*Task goal:* Only the lines from the top of the listing below to the line that has "Lula e a esperada" should be echoed, with both ends kept and pictures left out.

*Stored data:*
● ● ● ● ● ● ●

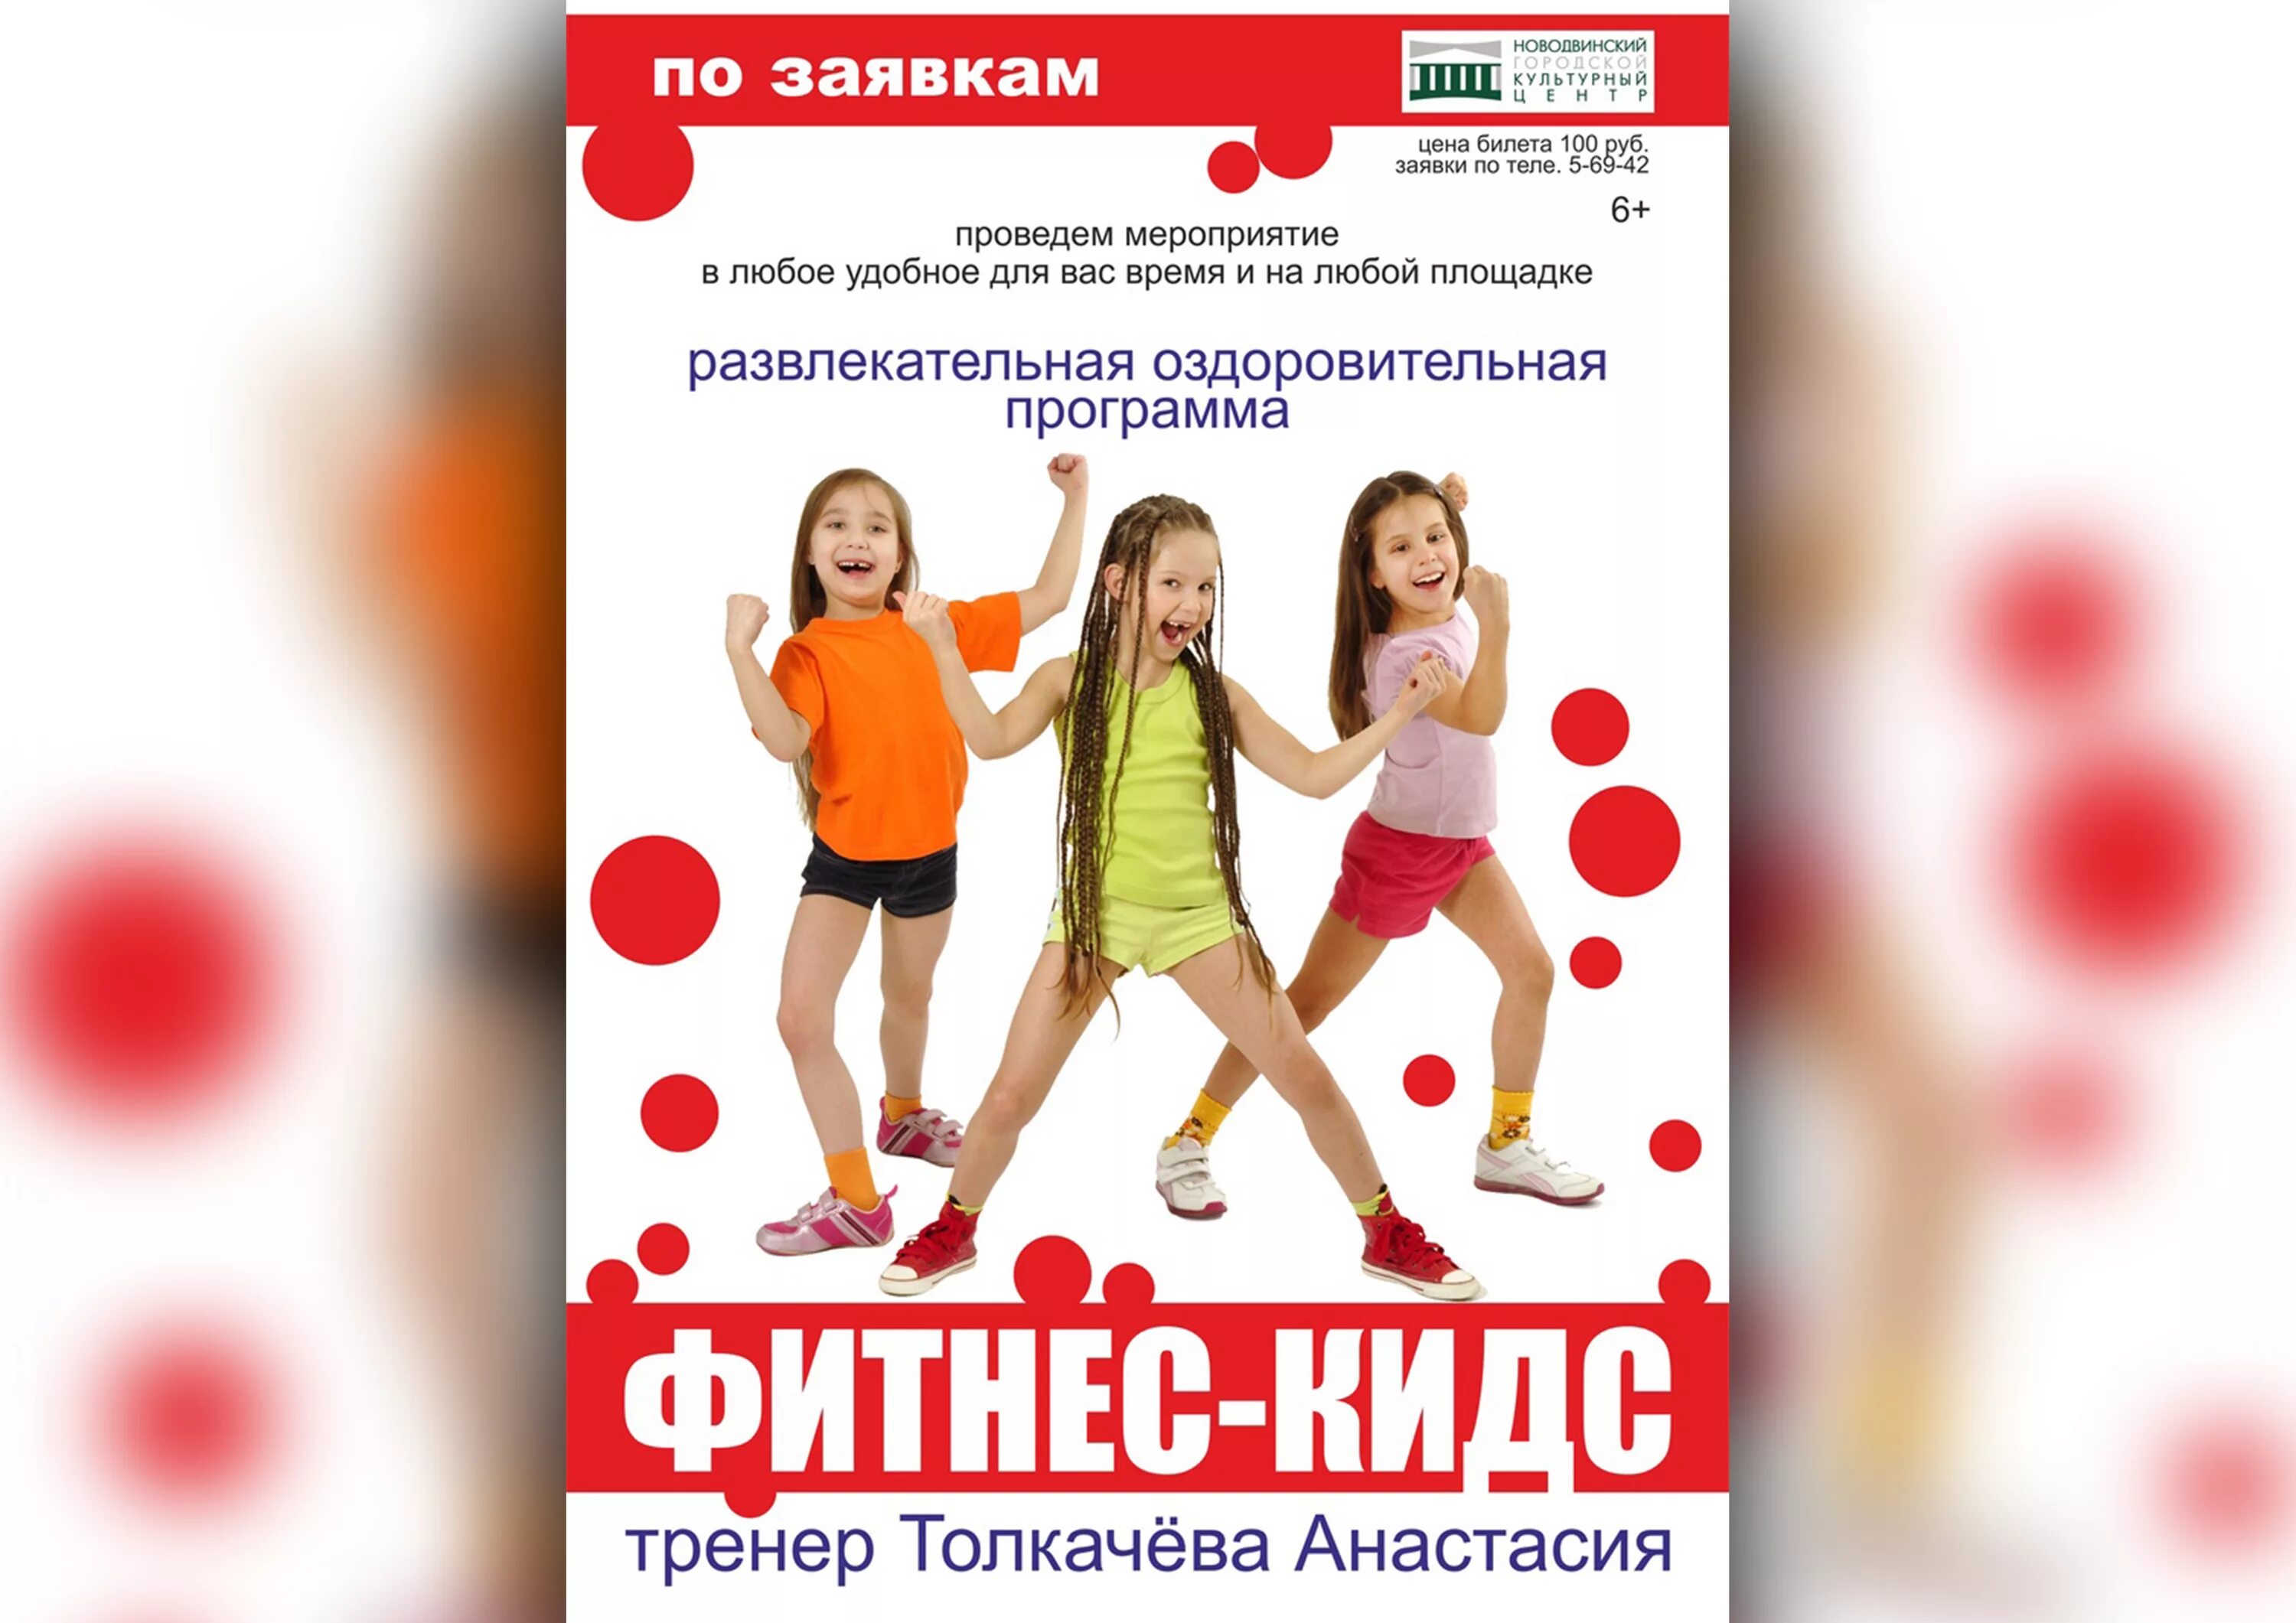 Детский фитнес. Фитнес для детей реклама. Название детского фитнеса. Объявление фитнес для детей. Российские программы для детей
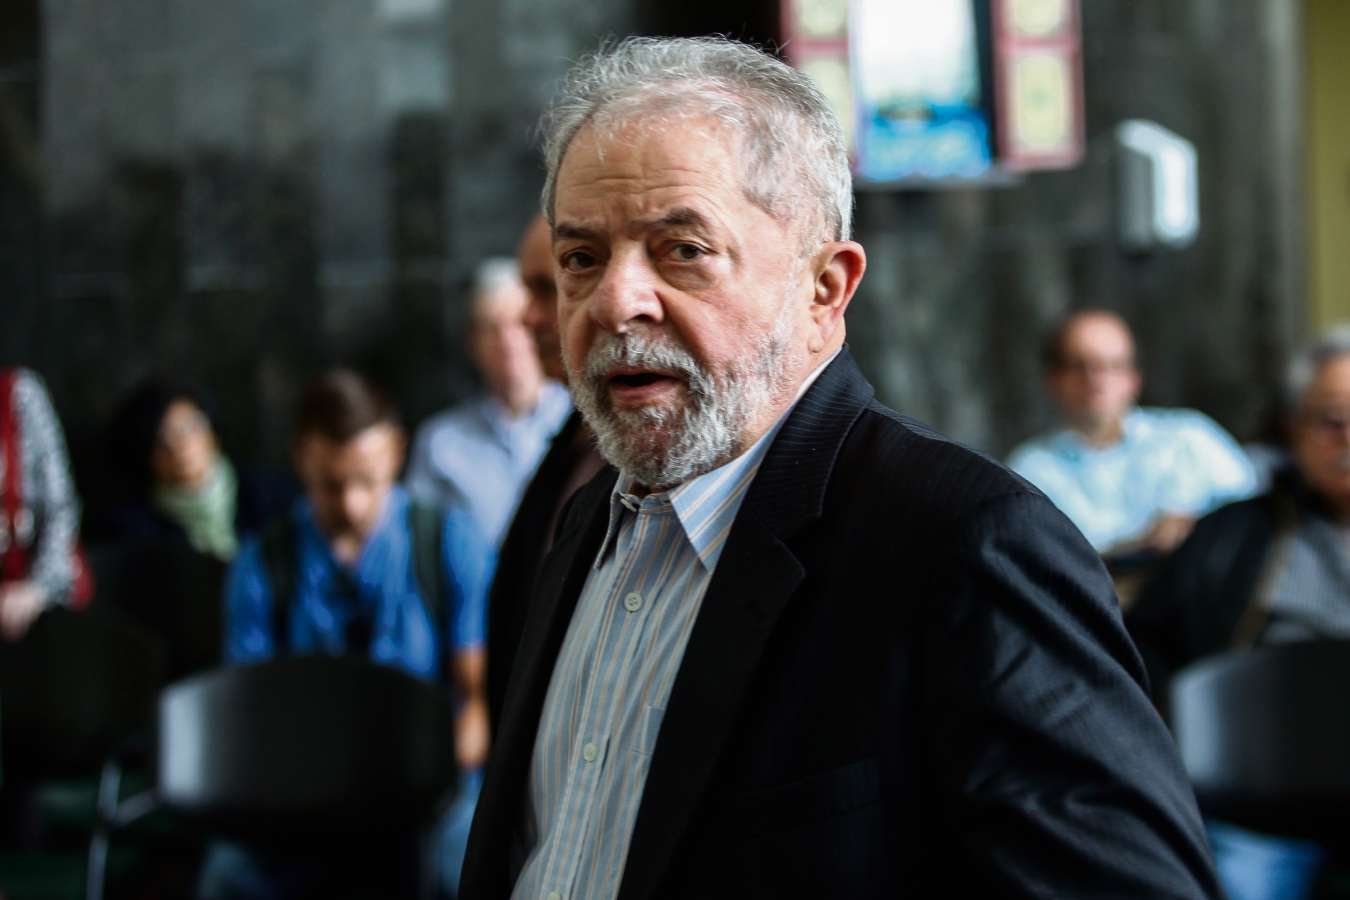 Lula e a esperada decisão final Ainda que seja grande a pressão das redes sociais em favor do encarceramento do ex-presidente Lula da Silva, é surpreendente verificar que a cada pesquisa de opinião pública ele aparece como forte candidato à Presidência da República.
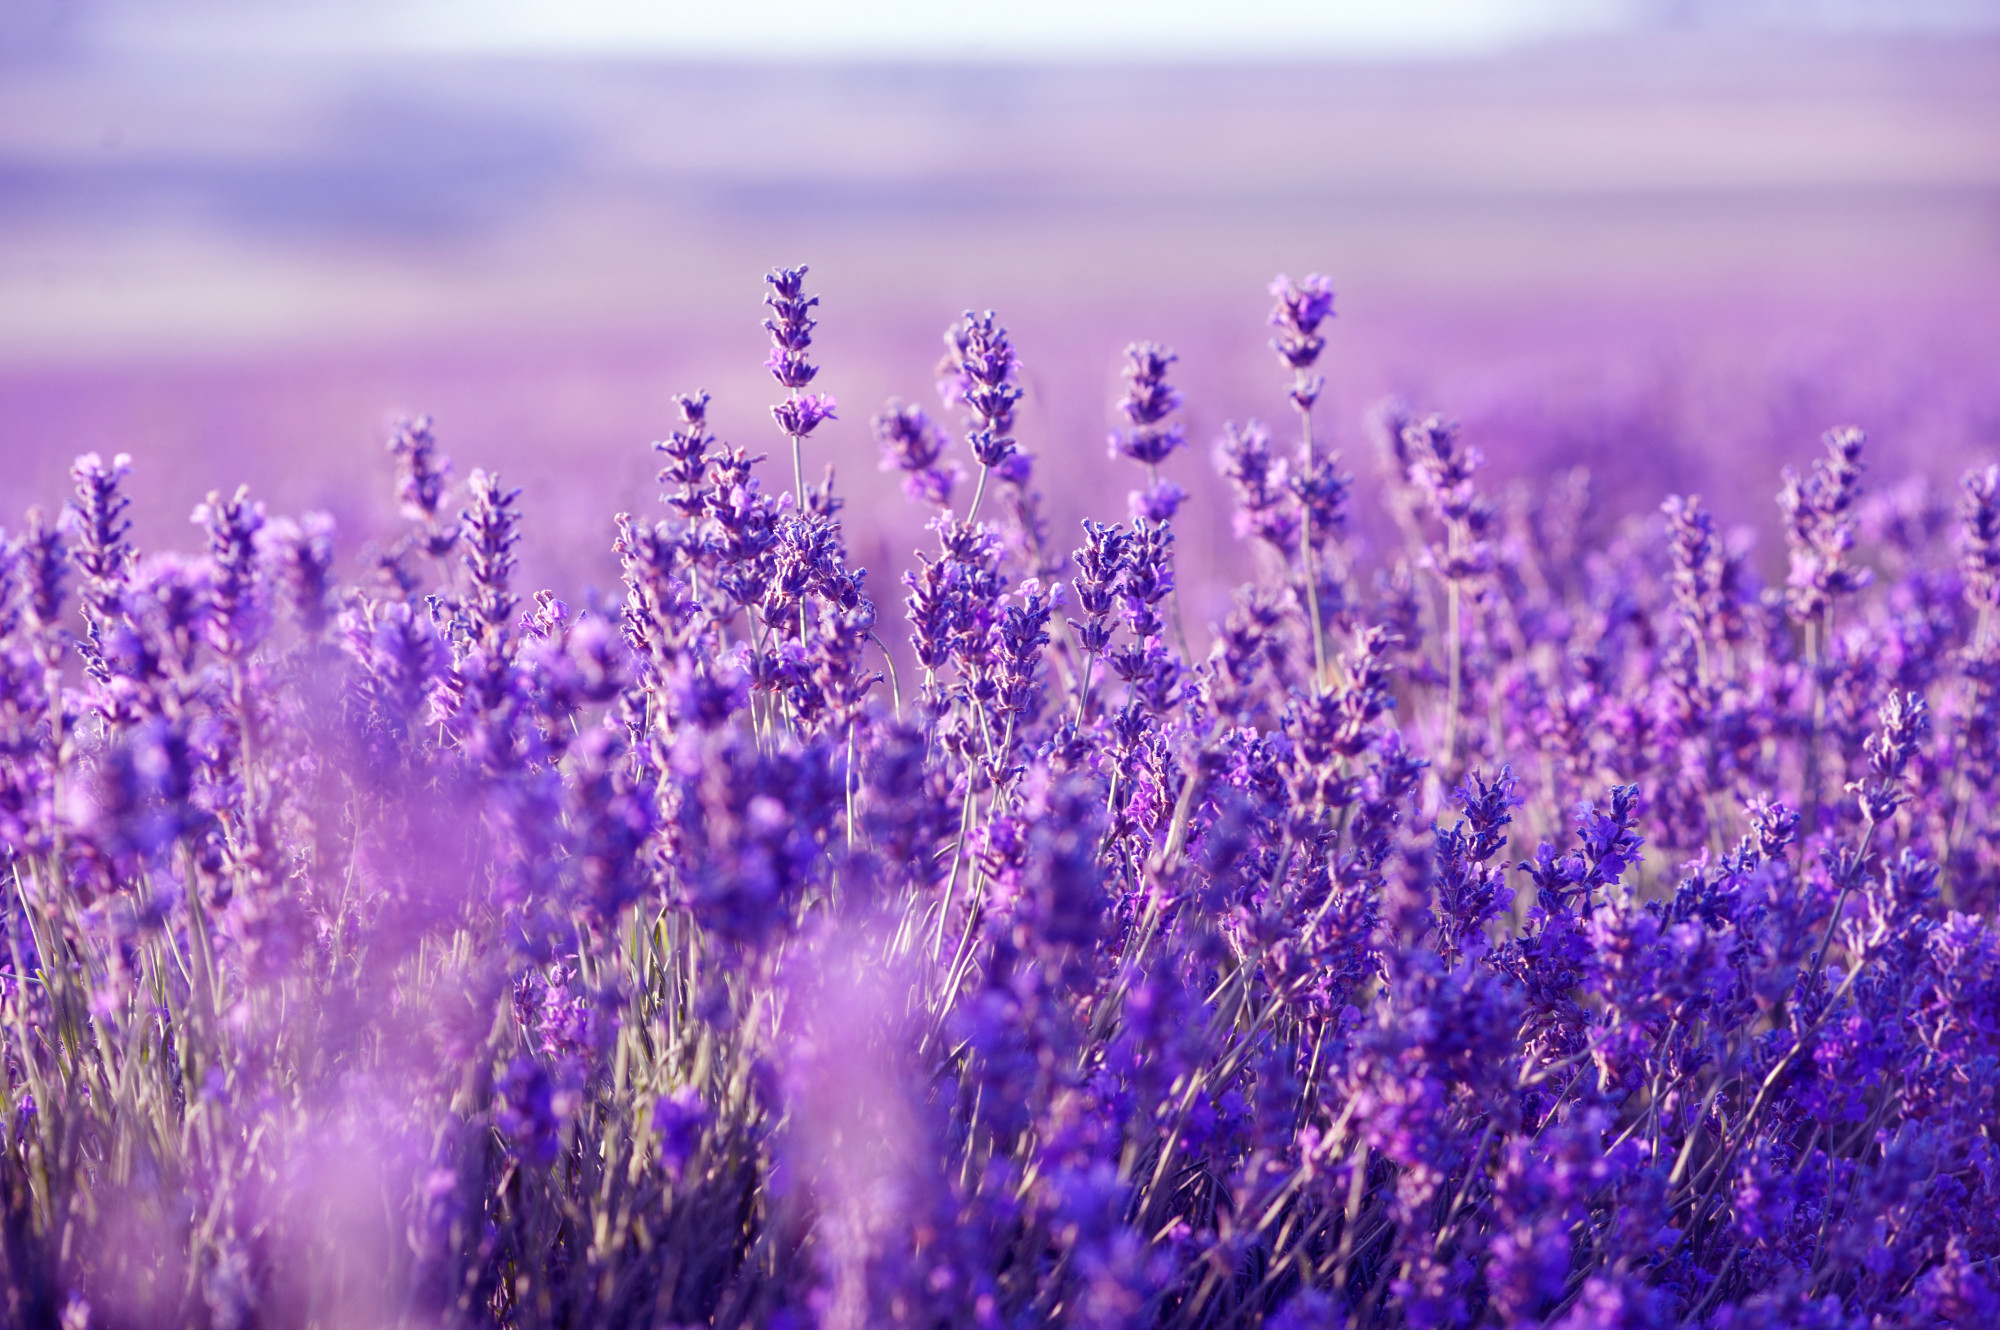 Hình nền Lavender miễn phí sẽ mang đến cho bạn một không gian sống và làm việc trong lành và thư thái. Hình ảnh cánh đồng Lavender lãng mạn và hoàn hảo này sẽ giúp bạn thư giãn và tập trung vào công việc.

● ● ● ● ● ● ●

*Response for this exercise:*
 Детский фитнес. Фитнес для детей реклама. Название детского фитнеса. Объявление фитнес для детей. Российские программы для детей
 Lula e a esperada decisão final Ainda que seja grande a pressão das redes sociais em favor do encarceramento do ex-presidente Lula da Silva, é surpreendente verificar que a cada pesquisa de opinião pública ele aparece como forte candidato à Presidência da República.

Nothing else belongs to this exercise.